A refund of state or local income tax paid may in total or part be considered income in the year that it is received, provided the taxpayer claimed the taxes paid as an itemized deduction on the prior year return. The taxable amount of the state or local refund includes:
- Any part of a refund from the taxpayer's prior year state or local return that they were entitled to receive in the current year but chose to apply to their current year estimated tax payments instead.
- Any state or local refund that the taxpayer would have received in the current year but was garnished by the state or federal government to satisfy another obligation such as back taxes, student loans, etc.
None of the state or local tax refund is taxable if, in the year the tax was paid the taxpayer either (a) did not itemize deductions, or (b) elected to deduct state and local general sales taxes instead of state and local income taxes.
If a taxpayer received a refund, credit, or offset of state or local income taxes, they should receive a Form 1099-G. If the refund was for a tax that was paid in year prior to the current tax year and was deducted as state and local income taxes on the year prior to the current year's tax return's Schedule A, some or all of the refund may be taxable. A worksheet is provided in TaxSlayer Pro to determine the amount that is included in income. Also review the State and Local Income Tax Refund Worksheet found in the Instructions to Schedule A to determine the taxable portion of the refund.

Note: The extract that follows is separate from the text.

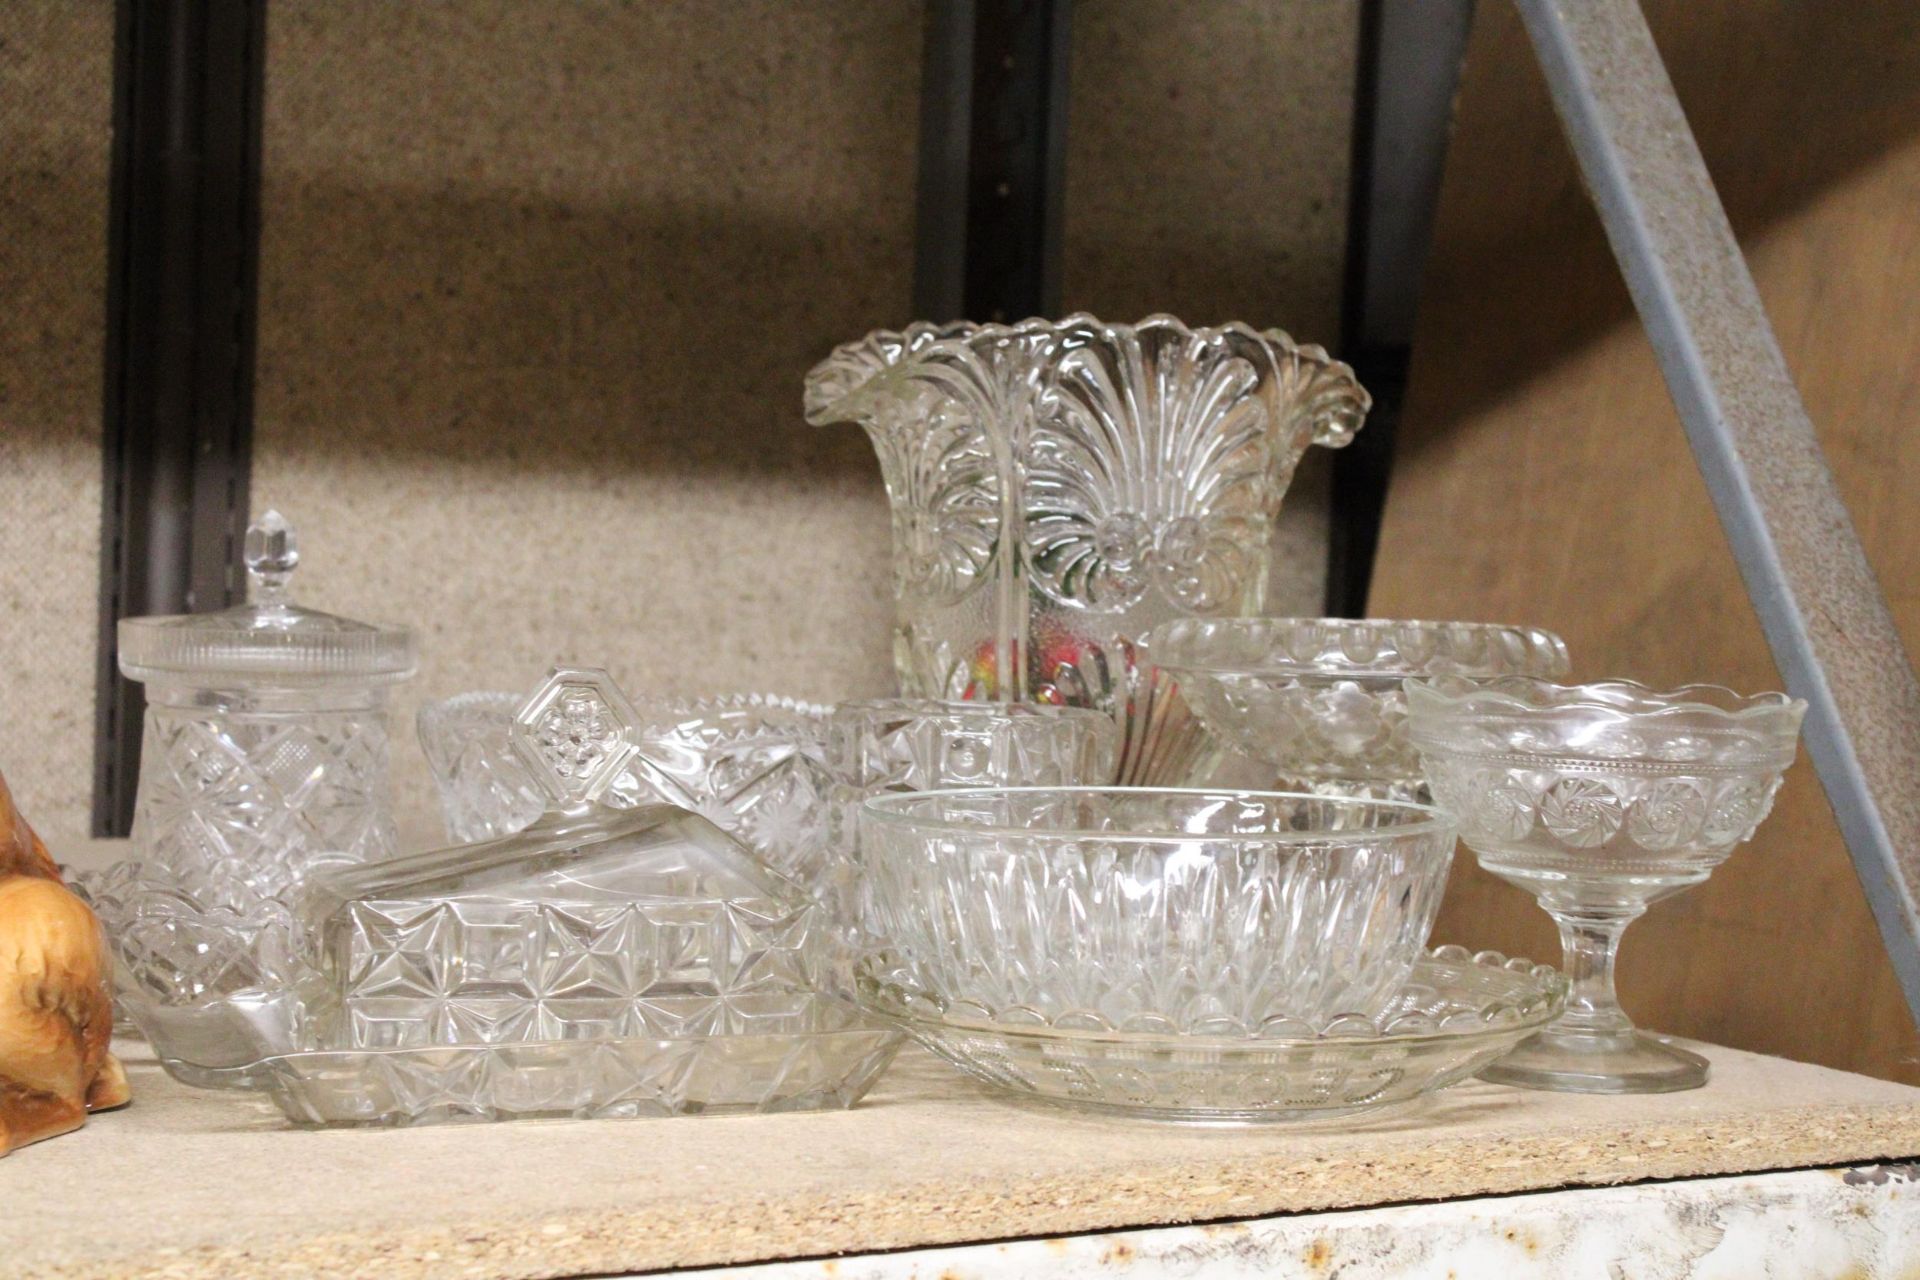 A QUANTITY OF GLASSWARE TO INCLUDE A LARGE VASE, BOWLS, FOOTED BOWLS, A CHEESE DISH, ETC

Exception. However, when certain exceptions exist, the taxpayer may be required to treat the state or local tax refund as an Itemized Deduction Recovery in Publication 525 instead of using the worksheet. The exceptions are the following:
- The refund is for a tax year other than the year prior to the current year.

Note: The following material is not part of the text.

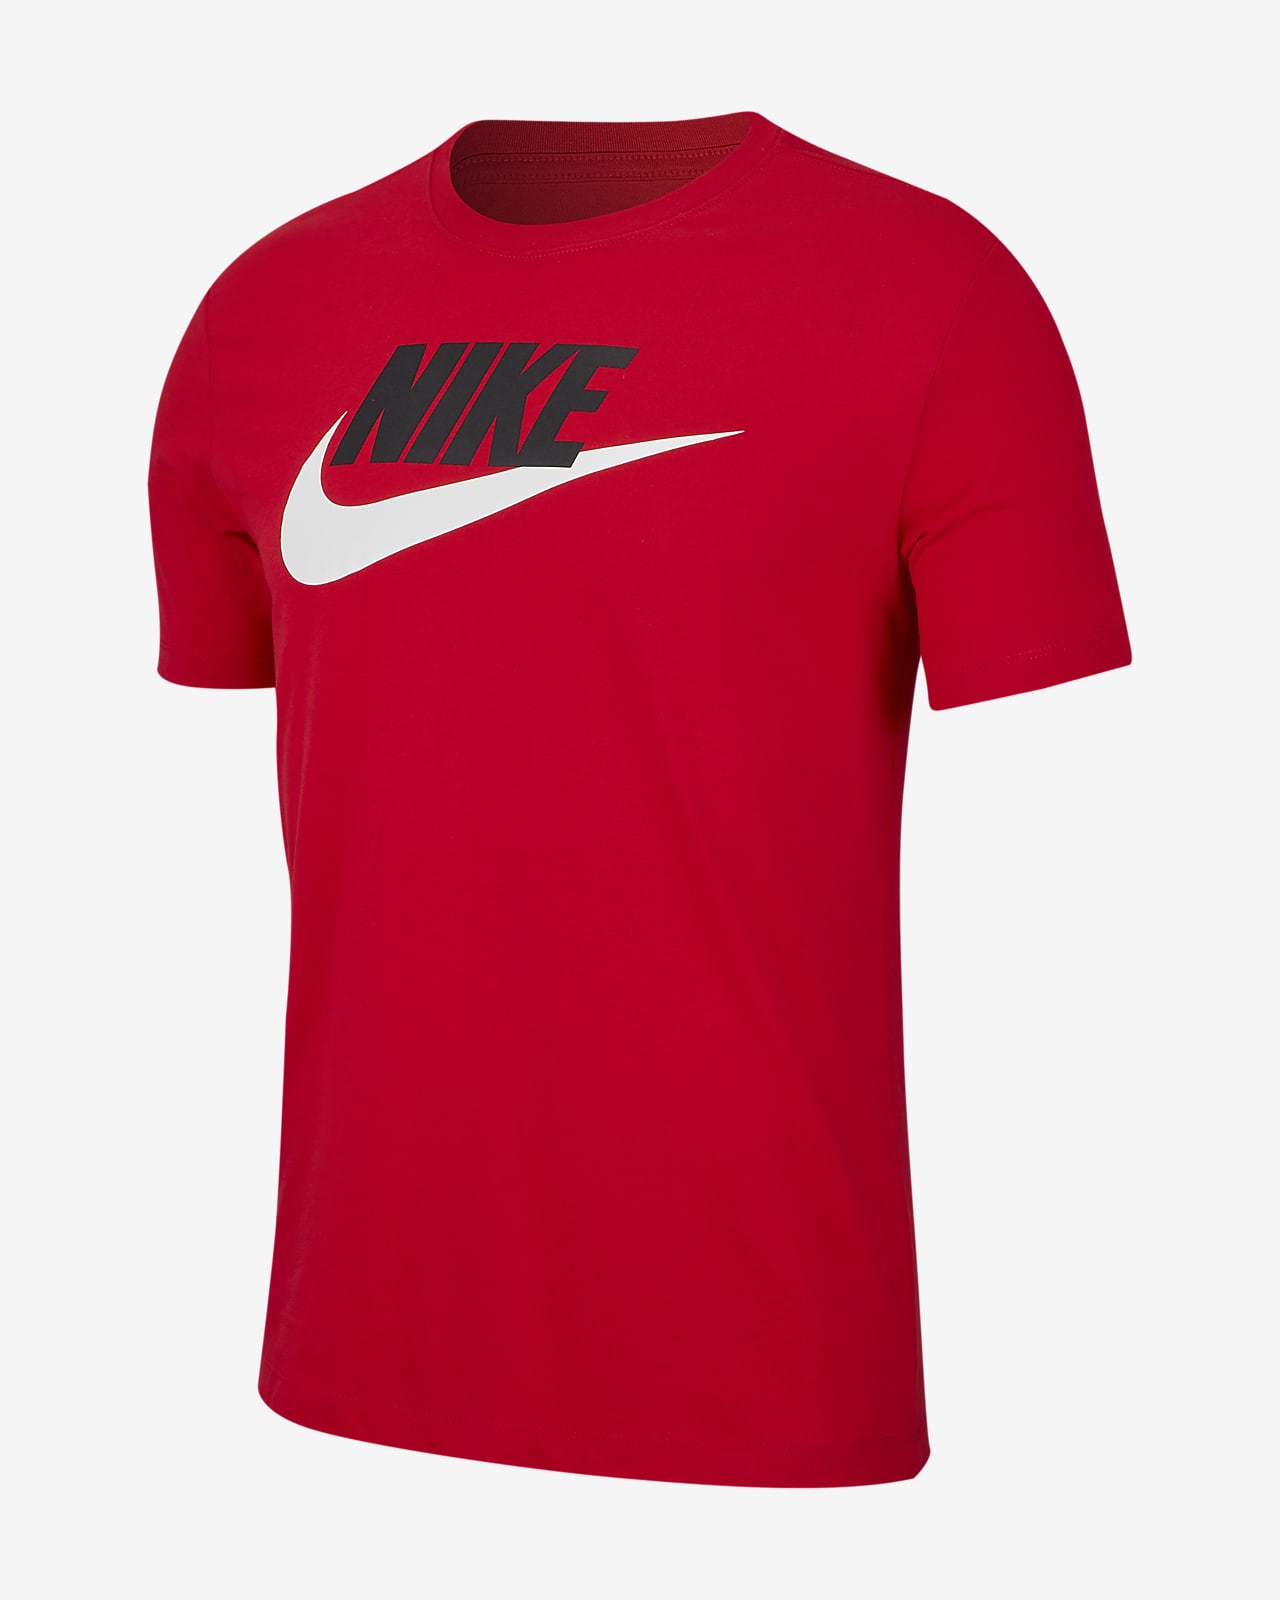 nike shirt red and white

- The refund is for a tax other than an income tax refund, such as a sales or real property tax refund.
- QBI Deduction exceeds AGI less Deductions.
- The taxpayer had taxable income in the prior year but no tax due because of the 0% tax rate on net capital gains and qualified dividends.
- The taxpayer's prior year state and local tax refund is greater than the prior year state and local income tax deduction minus the amount that the taxpayer could have deducted as the prior year state and local sales tax.
- The taxpayer made estimated state and local income tax payment for the prior year in the current year.
- The taxpayer was subject to AMT in the year prior to the current year.
- The taxpayer could not claim all of the credits they were entitled to receive in the prior year prior because the total credits exceeded the tax liability in that prior year.
- The taxpayer was claimed as a dependent by someone else in the prior year.
- The taxpayer received the refund in the prior year by filing jointly with a person that they are not filing a joint return in the current year.
To input state and local refunds from Form 1099-G, from the Federal Section of the Tax Return select:
- Income
- Form 1099-G, Box 2 State or Local Income Tax Refunds, Credits or Offsets
Note: This is a guide on entering a State or Local Tax Refund reported on Form 1099-G into TaxSlayer ProWeb. This is not intended as tax advice.